Every week, Jody Hirsh, the JCC's Judaic Education Director, provides a Judaic message that is featured at the top of the JCC's weekly email newsletter. Below is the Shabbat message for Friday, April 15, 2016.

Art and the Shabbat

This unusual Shabbat Scene was painted by Moritz Daniel Oppenheim (1800 – 1882). Oppenheim is considered “the first Jewish artist.”  Strictly speaking, this isn’t true – there were Jewish artists throughout the last two millennia – however he is the first famous Jewish artist, and the first Jewish artist who was accepted by the Non-Jewish German Society.  Oppenheim was classically trained, and built his reputation by painting portraits of the rich and powerful in Nineteenth Century German society. He was known as the “Painter of the Rothschild’s” since he was the Rothschild family official portraitist. He was a prime example of the Nineteenth Century German Enlightenment: an observant Jew who was full accepted as a German citizen and patriot. His most important contributions to our understanding of Jewish history were his paintings of Jewish life.

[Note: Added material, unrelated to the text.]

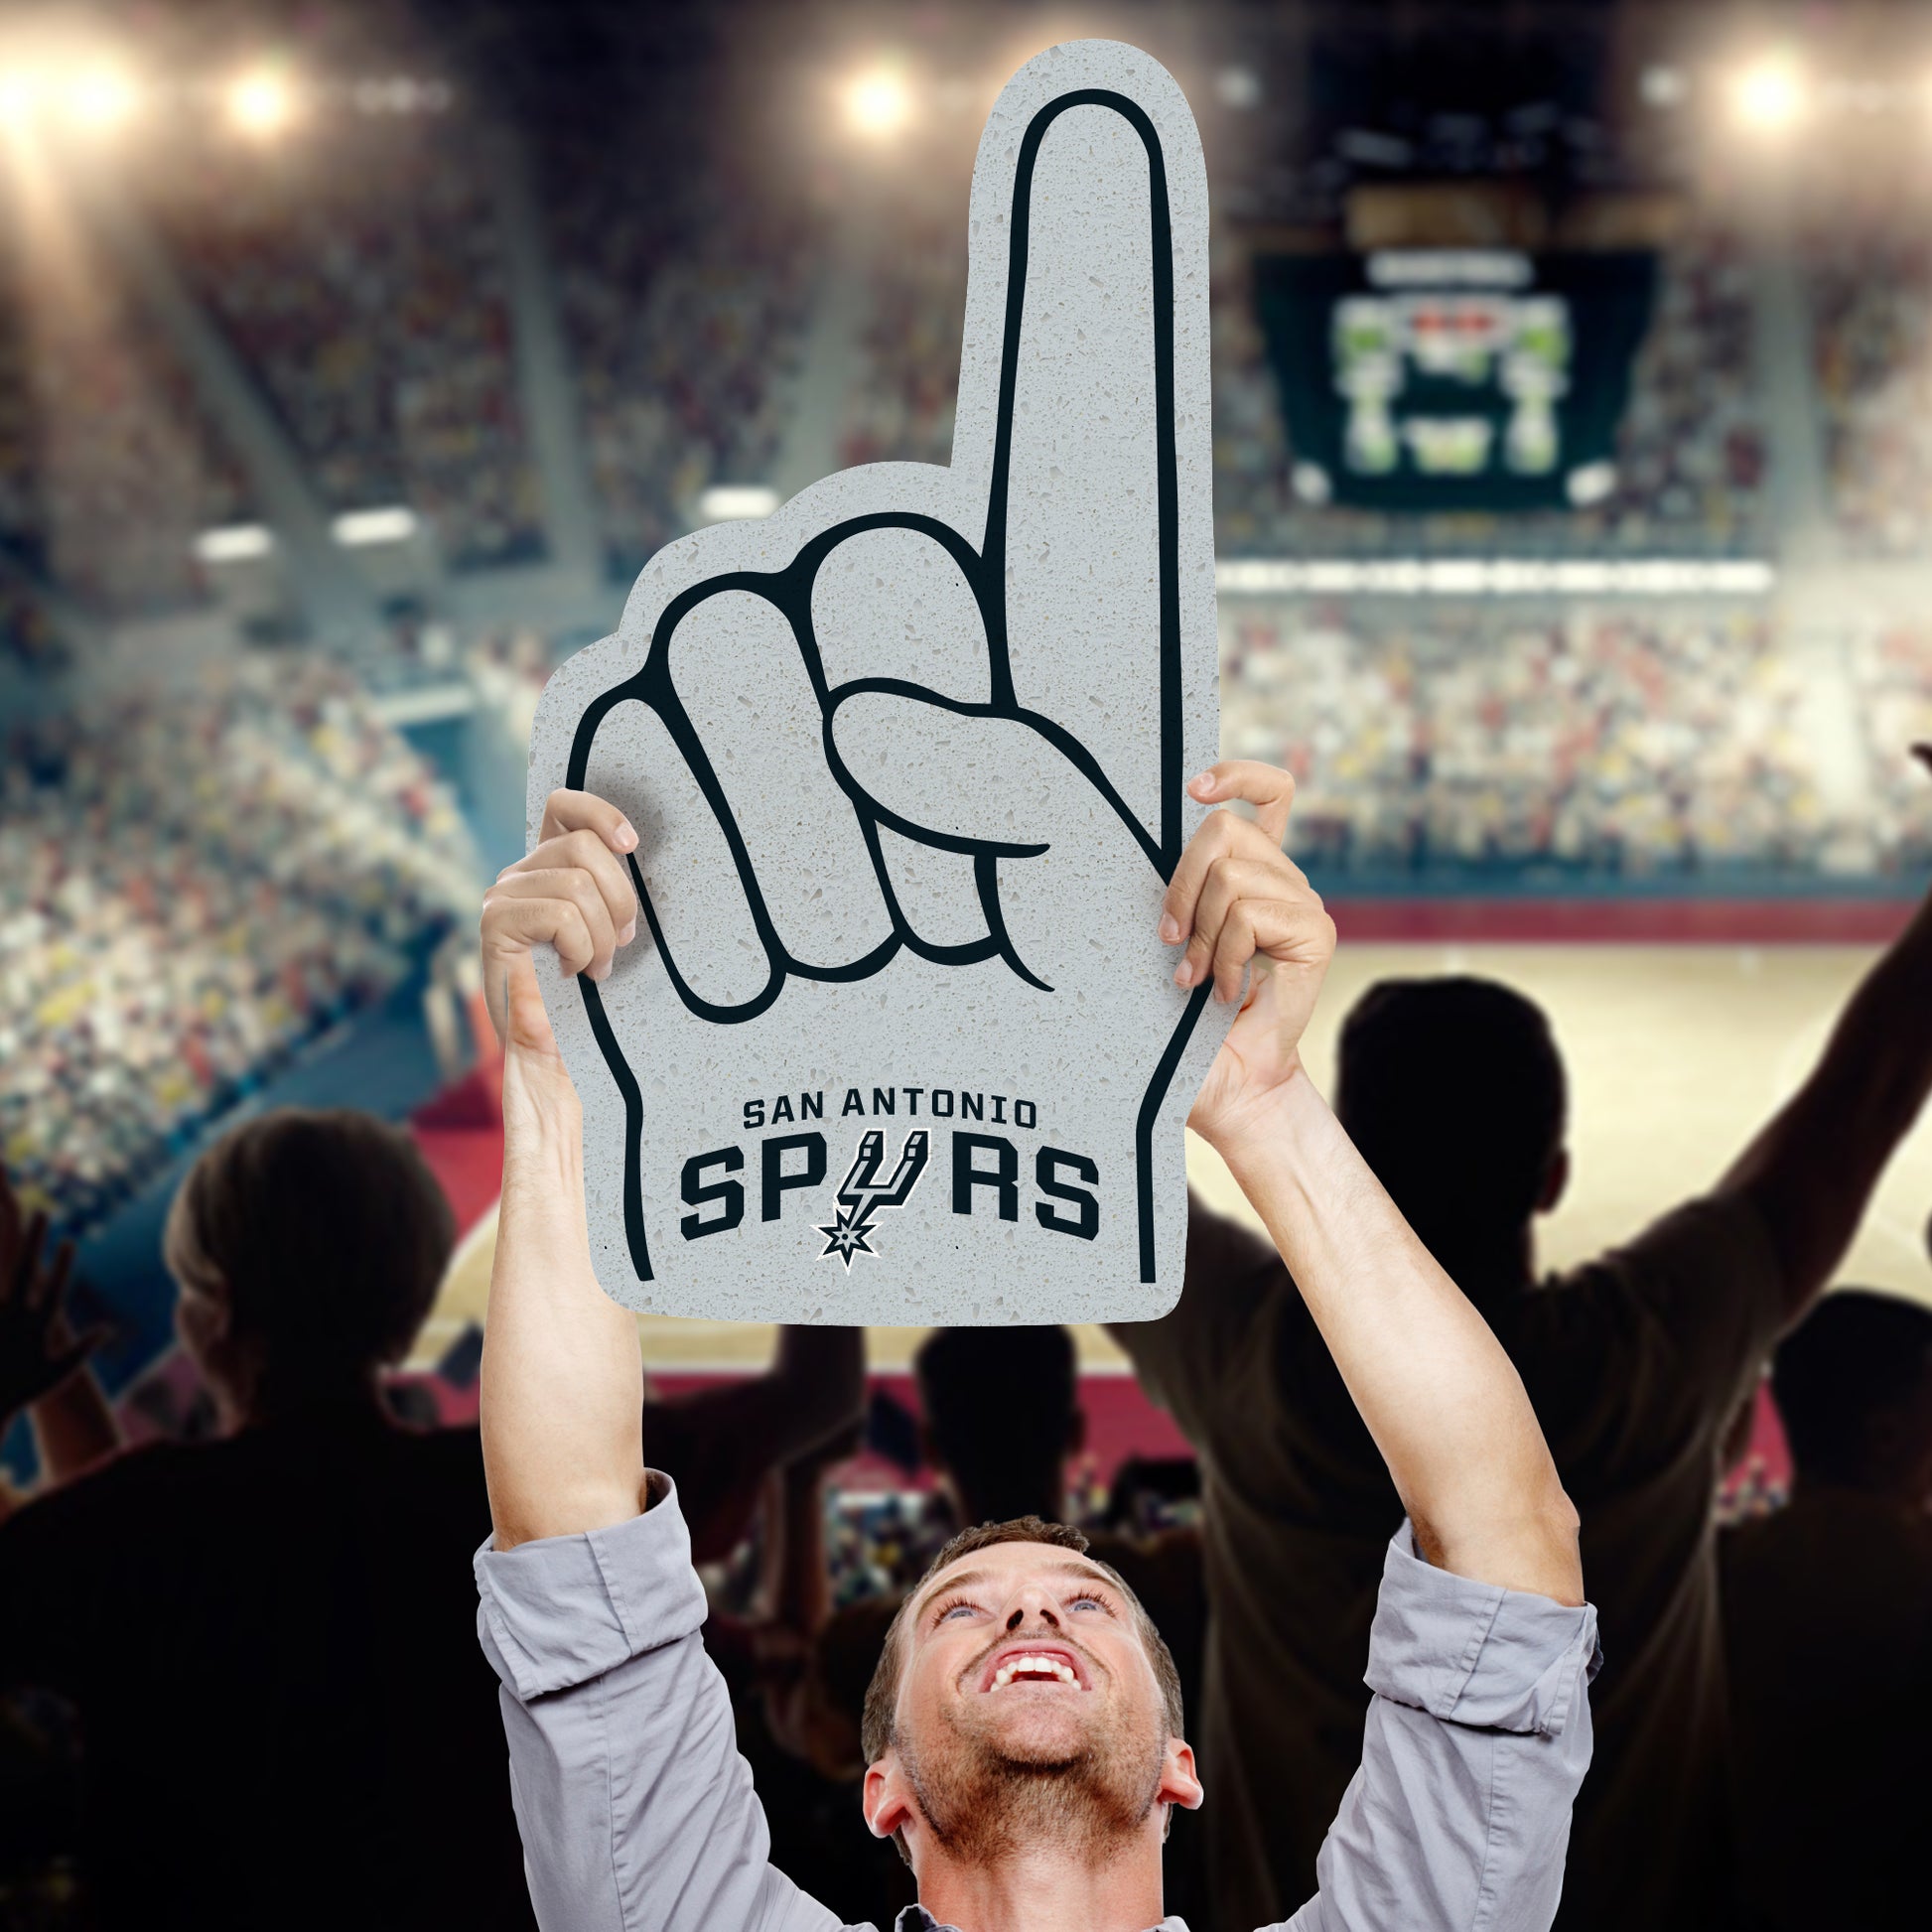 The Official Spurs Fan Shop

This particular painting, “The Return of the Jewish Volunteer from the Wars of Liberation to His Family Still Living According to Old Customs” was painted in 1833, and depicts the events of twenty years earlier: a wounded Jewish soldier returns home after fighting in the Napoleonic Wars. It is Shabbat, yet this soldier has traveled on Shabbat to return to his family. The insignia on his uniform is the Iron Cross of Germany – a decidedly Christian symbol, yet he wears it proudly as a soldier who served his country with pride. His observant family is proud of him and worried about his wounds, and glad he returned home relatively safely from the Wars. The picture fully depicts the contradictions the Enlightenment and of Jewish citizenship in the Non-Jewish world. The family is both Jewish and German . . . note the Mizrach on the rear wall (framed calligraphy with the word Mizrach, “East” pointing eastward toward Jerusalem) and a picture of an equestrian Emperor Frederick the Great on the wall to the left.  They are Germans. They are observant Jews. Although Oppenheim himself never served in the army, this picture represents the conflicts of being Jewish and an enlightened German citizen.